Real Estate

What is the direction of Mortgage Rates?

Mortgage rates are unexpectedly at a three-year low. Mortgages are important in order to finance a home purchase. Thus, mortgage rates have a great impact on buyers and their buying process. For now, buyers benefit from low rates because it gives them increased buying power.

Rates hasn’t only been down this year, although six of the first nine weeks of the year, rates declined it showed an increase in past two weeks. Following mortgage rates movement is important especially that the peak spring buying season almost here. Buyers shouldn’t be complacent because of the recent movements of mortgage rates.

Potential buyers are greatly affected by these rate movements as it will produce about 1.2% difference on their monthly payment which will affect the monthly budget and their debt-to-income ratio (a critical factor to be considered for a mortgage).

With the given trend the mortgage market increased the buyer’s buying power to about 6% with the low rates but the recent increase diminished 2% to their buying power. Although buyers are still at the advantage, the situation can shift any moment given the recent activity in the market.

As a buyer there are three possible scenarios that’ll emerge from the movement of mortgage rates:

The first scenario depicts a negative view of the economy resulting from global economic weakness and the slump in oil prices from January until early February. This caused the decline of the stock market causing global money to take refuge in the Dollar and U.S. Treasury bonds. As demand for bonds increase, mortgage rates will decrease.
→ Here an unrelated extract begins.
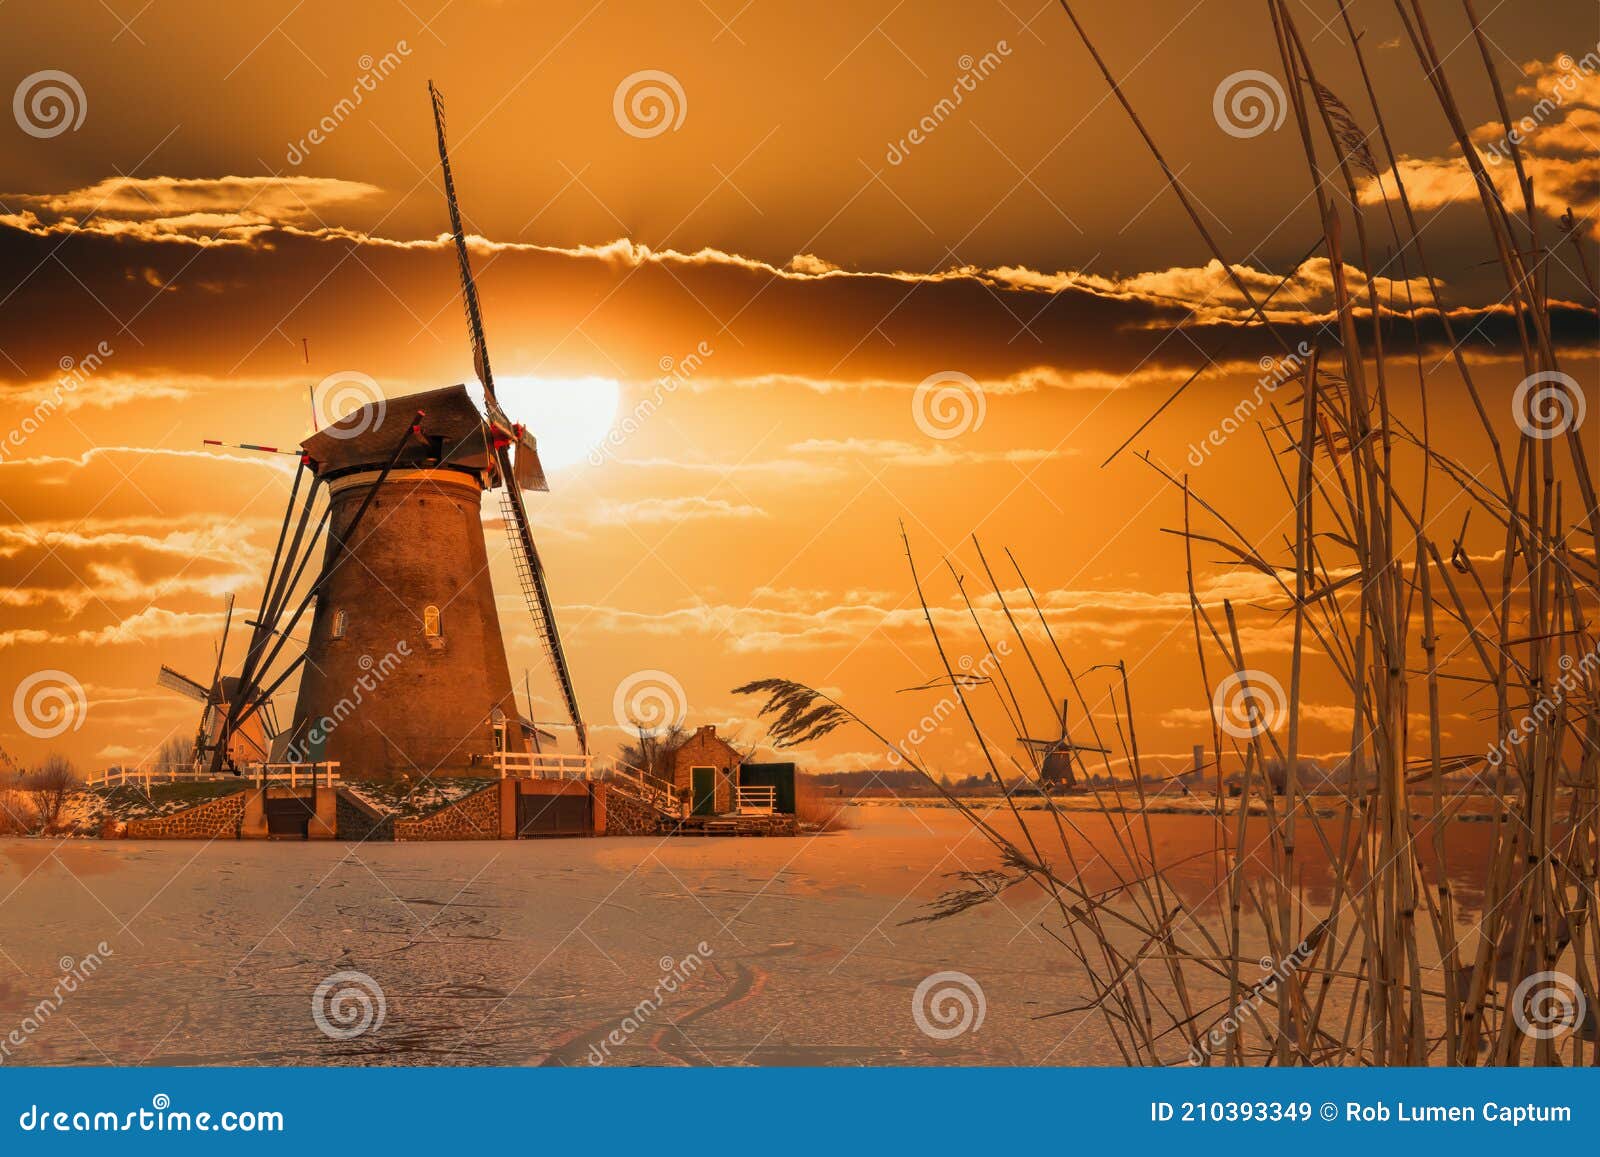 Os moinhos de vento históricos nos Países Baixos são ícones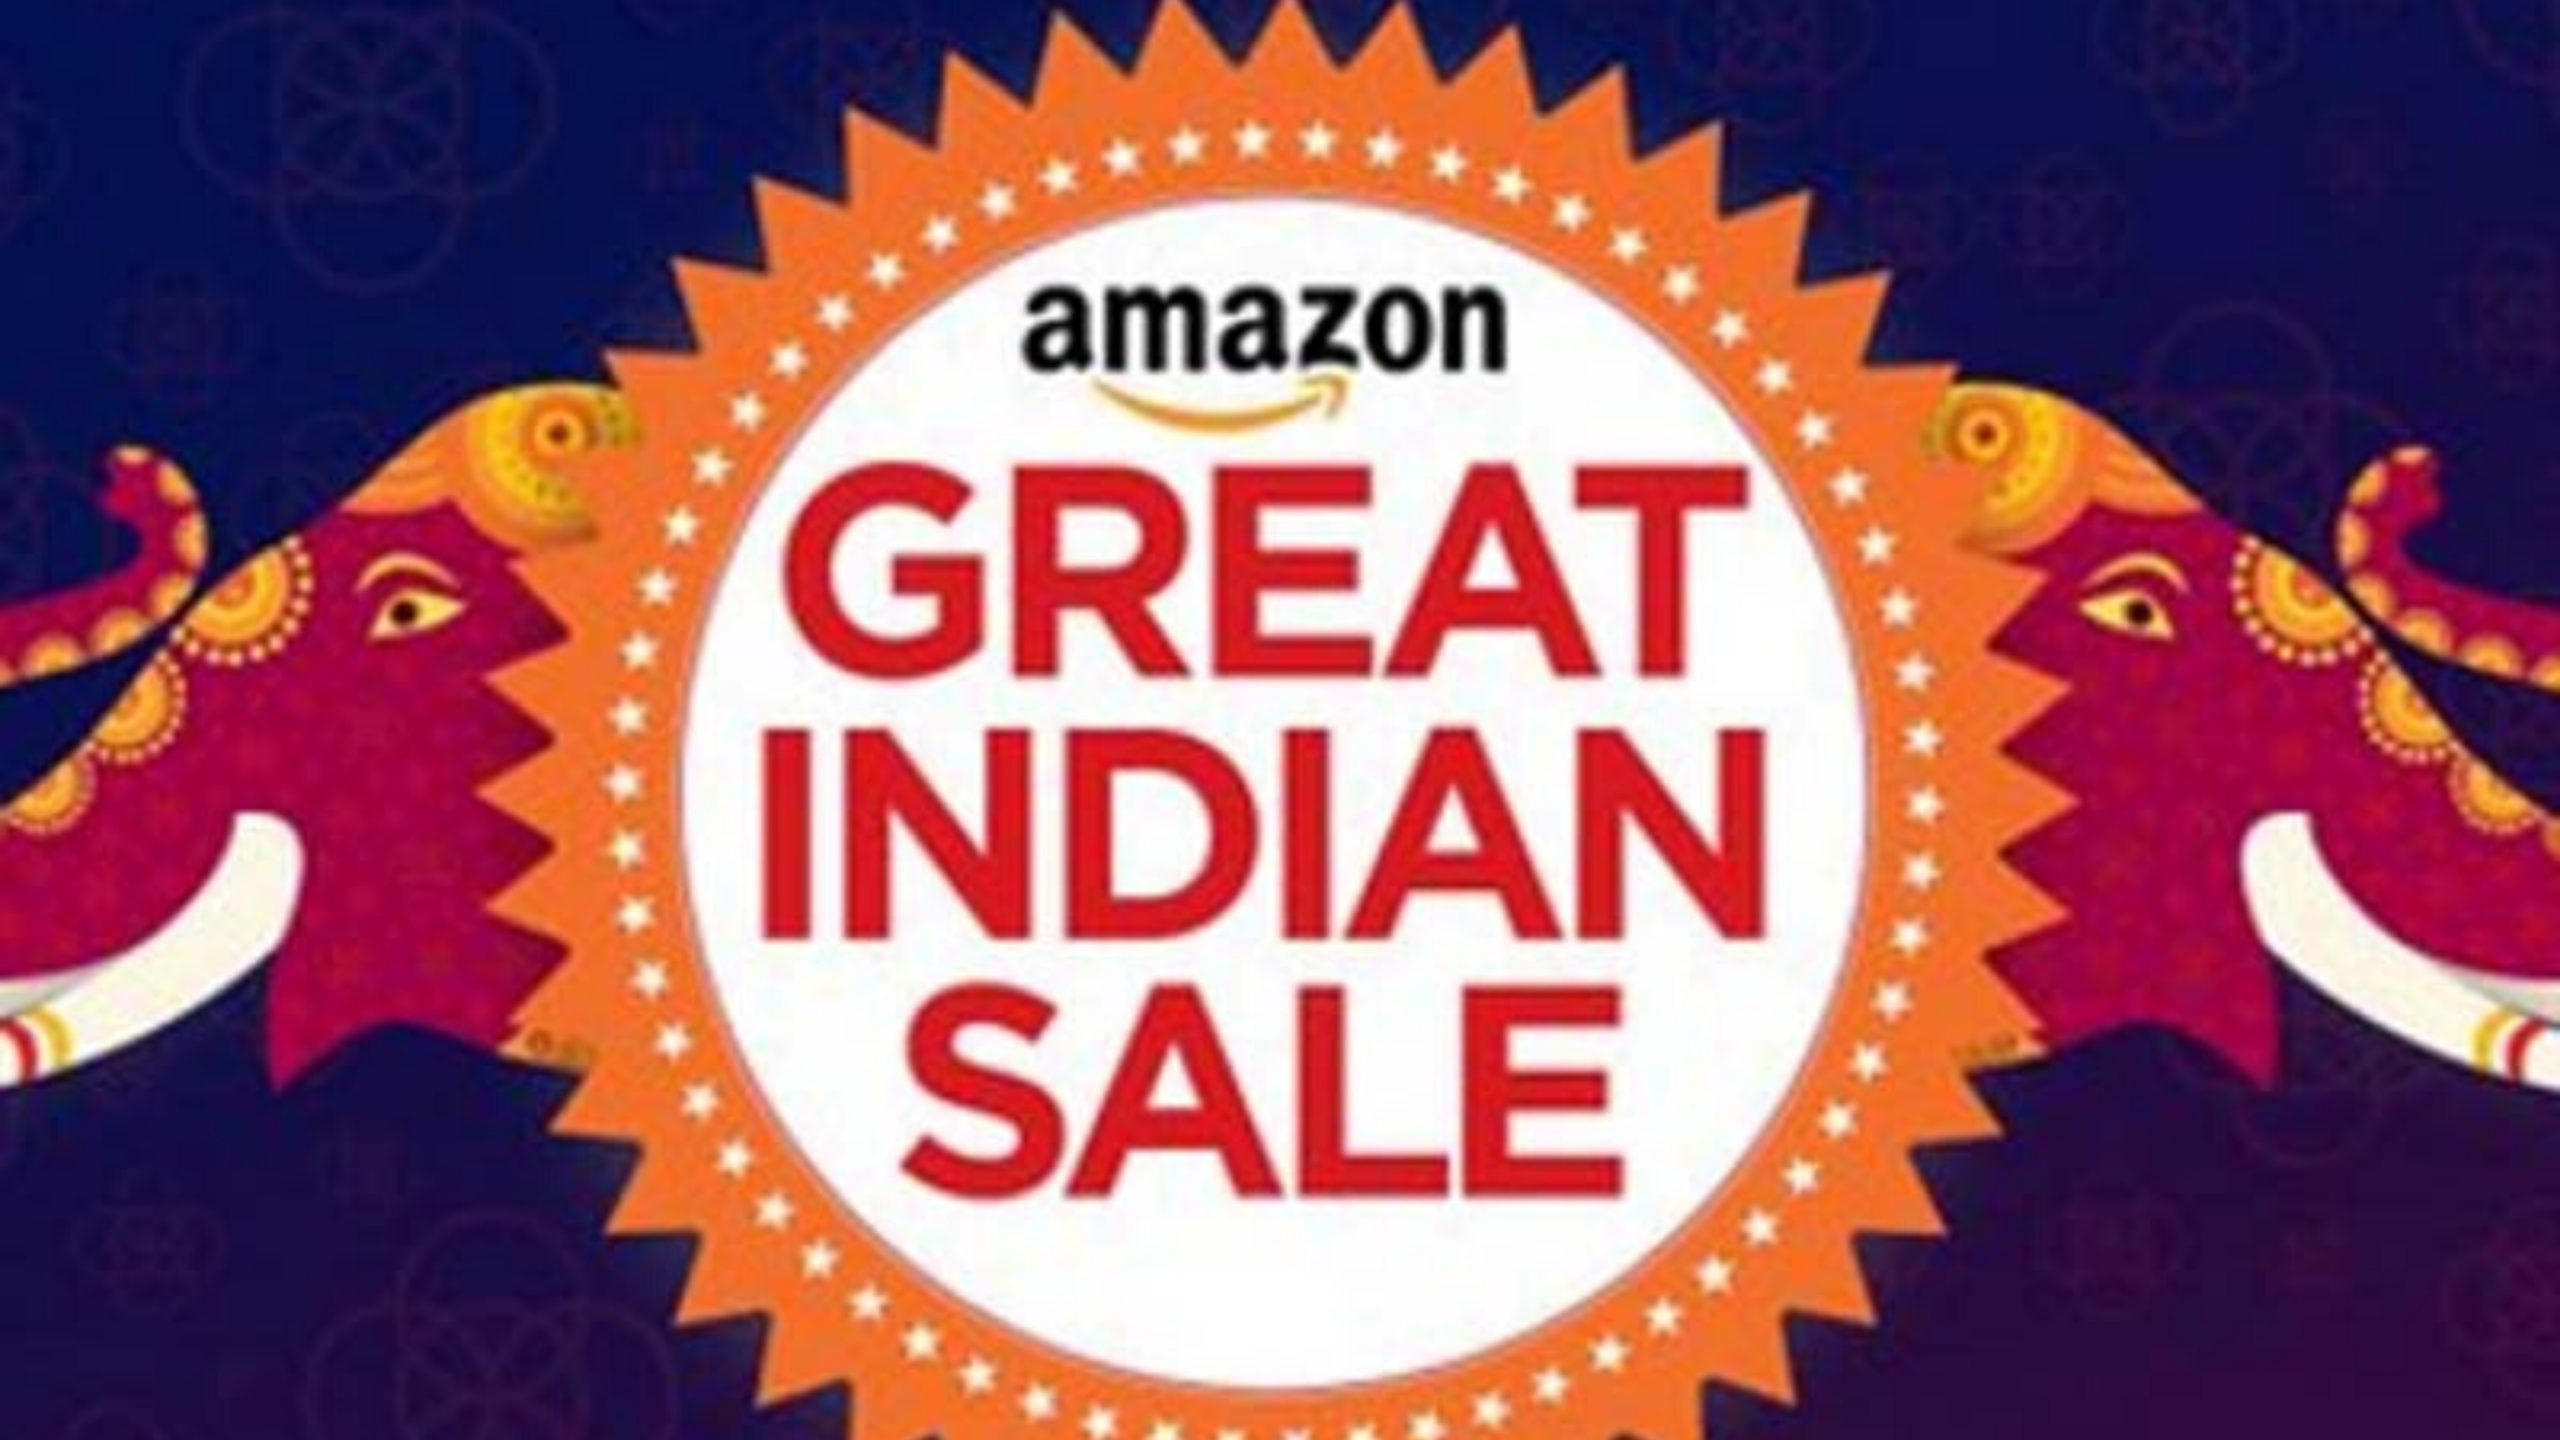 Amazon Большая индийская распродажа 2020 уже началась – успейте заключить сделку!

With this, rates will remain as they as are now throughout the year.

The second scenario has a moderate view of global economic growth which will result in a fixed rate of 4-4.2% by the end of the year.

The last possible scenario sees increased inflation leading to an increase in mortgage rates to 4.5% and can go up to 5.5% in 2017.

Although these are just possible scenarios, it would be wise to consistently monitor mortgage rate movement in order to prepare for possibilities in the future.